Sehr geehrte Kollegin Löw,
Sie haben die Methodensektion um eine Stellungnahme bzgl. der Replik des CHE auf die DGS-Kritik gebeten. Ich erlaube mir, Ihnen eine persönliche Stellungnahme zukommen zu lassen:
Der meines Erachtens wichtigste Kritikpunkt gegen das CHE-Ranking ist bisher gar nicht zur Sprache gekommen: Einige der wichtigsten Indikatoren sind leicht manipulierbar, weil sie von den Betroffenen selbst erhoben werden. Die Informationen zu Drittmittelsumme, Promotionen und Zahl der Wissenschaftler werden schließlich bei den Instituten erhoben. Man muss schon ein sehr naives Menschenbild pflegen, wenn man glaubt, dass dabei nur objektive Zahlen gemeldet werden. Das CHE hat auch kaum Möglichkeiten, die Plausibilität der gelieferten Zahlen zu kontrollieren. Ein Ranking, das auf derart leicht manipulierbaren Daten beruht, ist sicherlich nicht akzeptabel. Statt Drittmittelanträge zu schreiben, lässt man das Komma beim Ausfüllen des CHE-Fragebogens "verrutschen" und schon ist man in der Spitzengruppe. Das ist ein wichtiger Unterschied zum WR-Rating, bei dem die "Peers" die Plausibilität der gelieferten Zahlen vermutlich einigermaßen einschätzen konnten.

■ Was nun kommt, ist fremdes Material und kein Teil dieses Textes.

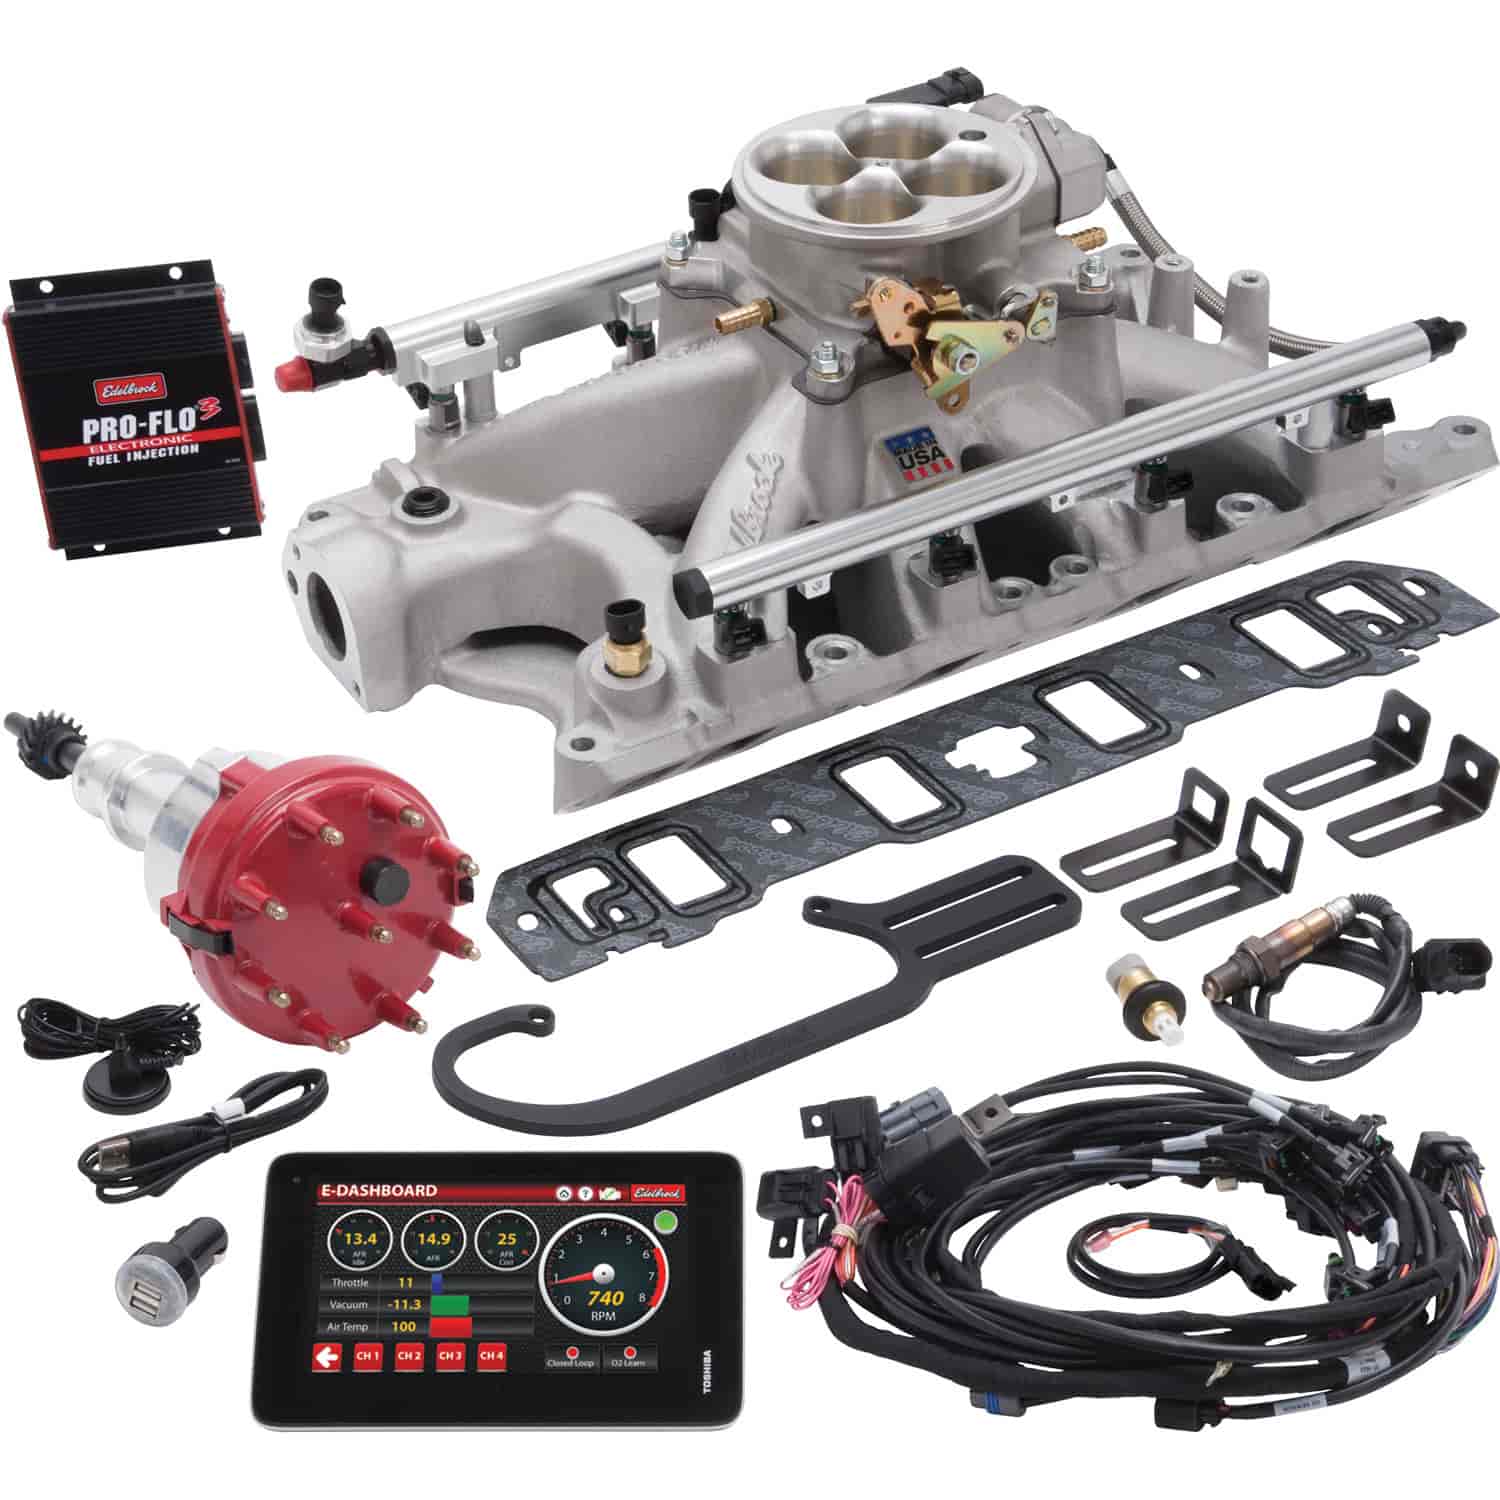 Pro-Flo 3 EFI System Small Block Ford 351W

Ansonsten muss ich aber dem CHE Recht geben: Das CHE-Ranking ist - gegeben die üblichen Restriktionen - ein durchdachtes und gelungenes Ranking. Das WR-Rating ist natürlich noch eine Klasse besser, aber es ist sehr aufwendig und berücksichtigt bisher nicht die Studierendenurteile. Deshalb fürchte ich, dass nichts Besseres nachkommt, wenn das CHE-Ranking kippt. Meiner Meinung nach wäre ein CHE-Ranking mit weniger Manipulierbarkeit und besseren Forschungsindikatoren (wir sind uns vermutlich alle einig, dass die Qualität der Publikationen der beste Forschungsindikator ist und nicht Drittmittel und Zahl der Promotionen) ein brauchbares Ranking. Noch besser wäre natürlich ein weniger aufwendiges WR-Rating. Aber wer weiß, wann das kommt.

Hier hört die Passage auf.